Free local CSV audit helper — Sven Hermeson

# Free local CSV audit helper

A small no-signup Python helper that lets a prospect audit a CSV on their own machine before sending anything to Sven Hermeson or any other service provider.

## Why this exists

For the $99 CSV cleanup + workflow automation pilot, prospects should not paste or upload sensitive data just to find out whether a file has obvious cleanup problems.
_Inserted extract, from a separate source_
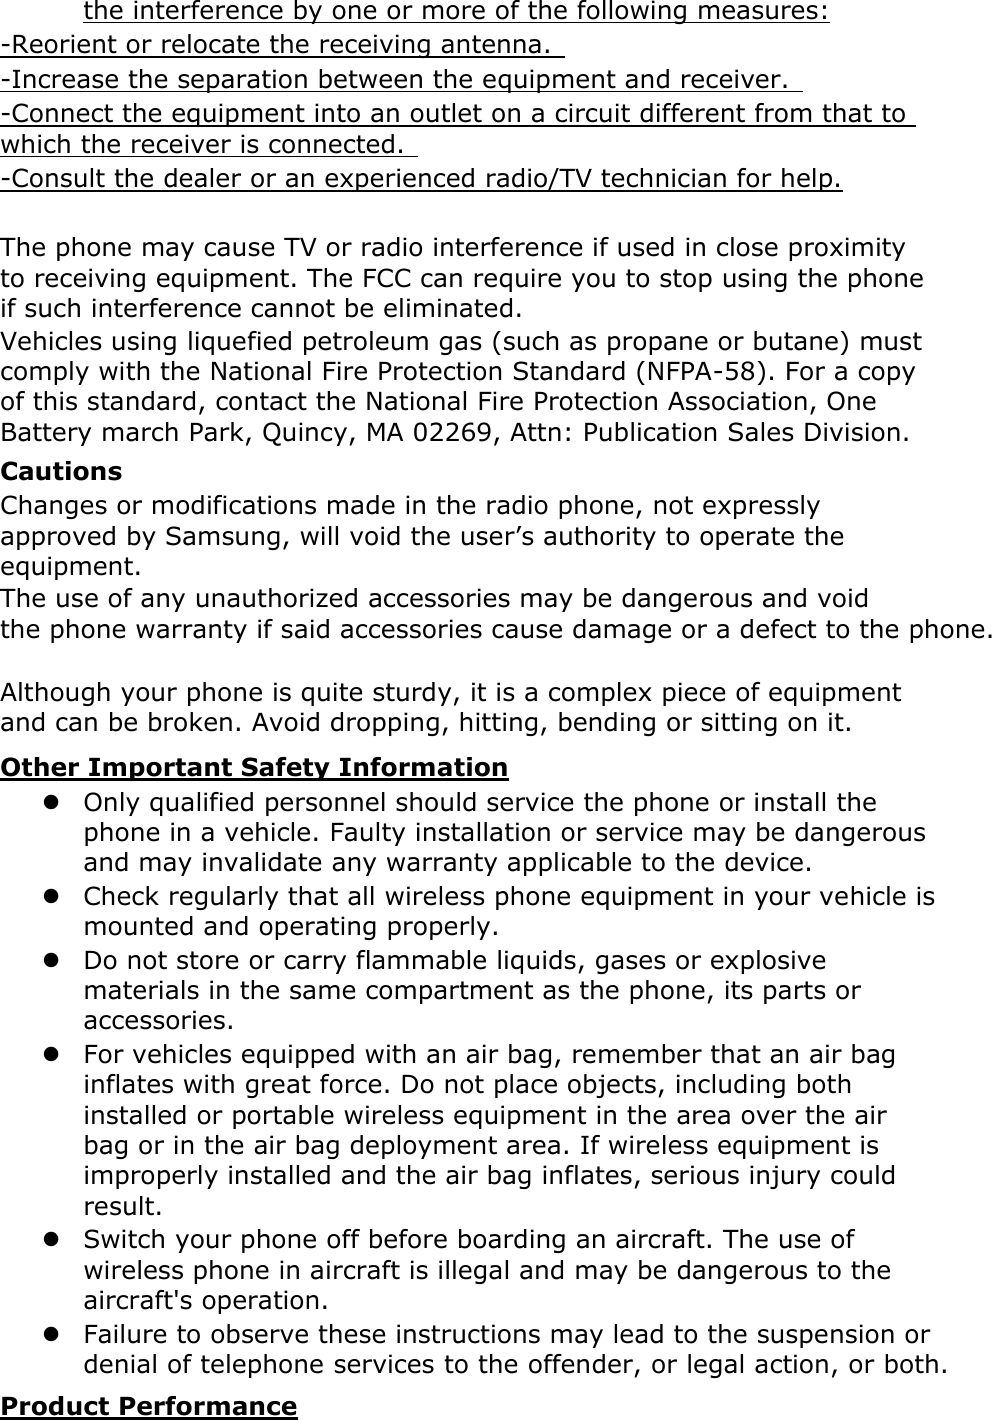 Page 17 of Samsung Electronics Co GTI8350 Cellular/ PCS GSM/ EDGE Phone with WLAN and Bluetooth User Manual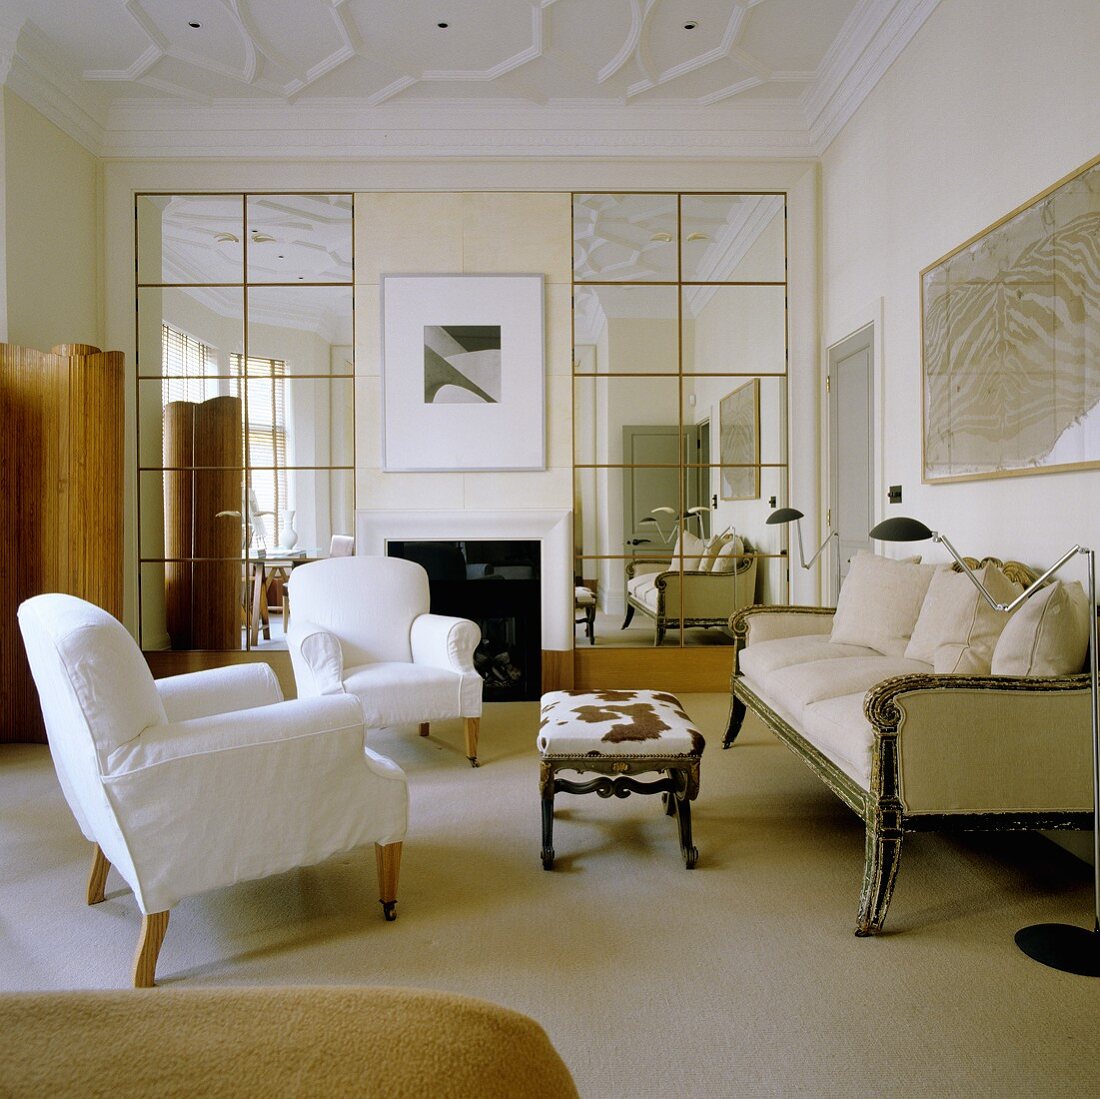 Covered armchairs, an antique three-seater sofa and a side table with a fur cover in an English living room

This helper gives them a local first pass:

- row and normalized-column counts
- duplicate key groups for fields like `email` or `sku`
- rows missing required fields
- columns with high blank rates
- a short suggested cleanup plan

It uses only Python's standard library and does not upload data.

## Demo command

```bash
python3 csv_audit.py sample_contacts.csv --dedupe email --required name,email --json sample_audit.json
```

Sample output:

```text
CSV Audit Summary
=================
File: sample_contacts.csv
Rows: 5
Columns (6): name, email, company, phone, last_contacted, notes
Duplicate groups found: 1
Rows missing required fields: 1
High-blank columns:
- notes: 2 blank (40.0%)
Suggested cleanup plan:
- Review 1 duplicate key group(s) before import or outreach.
- Fix or exclude 1 row(s) missing required fields.
- Check high-blank columns; remove unused fields or fill important values.
```

## Safe-use notes

- Run it locally on a copy of your file.
- Do not send secrets, payment data, regulated data, or highly sensitive customer records through temporary intake channels.
- For professional cleanup, share only a tiny redacted sample first.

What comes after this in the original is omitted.